Cork detective critical of management over lack of garda manpower

'The vast majority of issues can be resolved if you have the resources'. 
Cork detective critical of management over lack of garda manpower

 Mr Harrington said management had not agreed to the GRA’s suggestion that overtime be approved to facilitate the clearance of investigations.

ALL of the operational issues currently facing An Garda Síochána come down to a lack of manpower, and a failure of imagination by management, a Cork member of the central executive committee of the Garda Representative Association (GRA) has said.

“The vast majority of issues can be resolved if you have resources,” Pádraig Harrington told The Echo at the GRA annual conference in Westport this week.
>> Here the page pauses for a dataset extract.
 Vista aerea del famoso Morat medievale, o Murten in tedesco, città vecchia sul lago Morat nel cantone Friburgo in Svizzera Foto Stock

“The roads policing unit in Cork; down from 44, down to now 20, from 12 years ago. All the road deaths — and they’re wondering why. ‘Why’ is because they don’t have enough people to do checkpoints and to do roads policing, and that’s why road deaths are rising, because not alone are garda numbers falling in Cork, they’re falling all over the country.”

A detective based in the Bridewell, Mr Harrington’s strong endorsement of the new Garda roster agreed with senior management — “I think it’s a fantastic deal” — was preceded at the conference by an admission that he has been an outspoken critic of previous rostering plans.

His endorsement was greeted with loud applause, and the proposal that the GRA accept the new roster was passed unanimously.

Disagreements

Disagreements about rostering have been at the heart of recent fractious relations between Garda management and the GRA, which represents more than 11,000 of the force’s 14,000 gardaí.

Last September, 99% of GRA members voted no confidence in Garda Commissioner Drew Harris, and this week he became the very first commissioner to not be invited to the GRA annual conference. In turn, Justice Minister Helen McEntee declined an invitation, saying it would be inappropriate for her to attend in Mr Harris’s absence.

GRA general secretary Ronan Slevin this week told The Echo that the issue between Mr Harris and rank-and-file gardaí was not personal, and Mr Harrington said all the operational issues facing the force are down to resources.

“Everything goes on it,” he said.

“In my own office, we’re down from 12 people from 12 years ago — effectively to three people now handling investigations because we have two in an incident room covering the murders that happened in Cork in 2023. There’s a huge body of work there and it requires two of them to do that, to ensure that the families receive justice. And that’s replicated in every section in the guards in Cork city and around the country, we just don’t have enough numbers.”

Mr Harrington said management had not agreed to the GRA’s suggestion that overtime be approved to facilitate the clearance of investigations.

Scathing

He was scathing of the recent directive from Mr Harris that all uniformed gardaí complete 30 minutes of “high-visibility” roads policing per shift, saying it would have a knock-on effect on response times.

“Everything comes back to resources,” he said. “You’re asking the regular units to do half an hour’s roads policing. Absolutely ridiculous. There’s something else backing up because they’re doing a half an hour’s roads policing.

“It doesn’t make any sense. Again, they should be bringing in the roads policing lads to do those checkpoints; if that’s what the commissioner and the Government want, that’s what should be done.”

Mr Harrington said the number of recruits currently in Templemore’s Garda Training College was simply not sufficient to immediately address manpower issues.

“Everything comes back to resources and retention,” he said. “We have a huge amount of people leaving because the pressure that they’re under, and we have something coming down the line now in relation to discipline and conduct regulations and performance regulations.

“And that’s down to people that have no idea about policing that are writing these regulations.”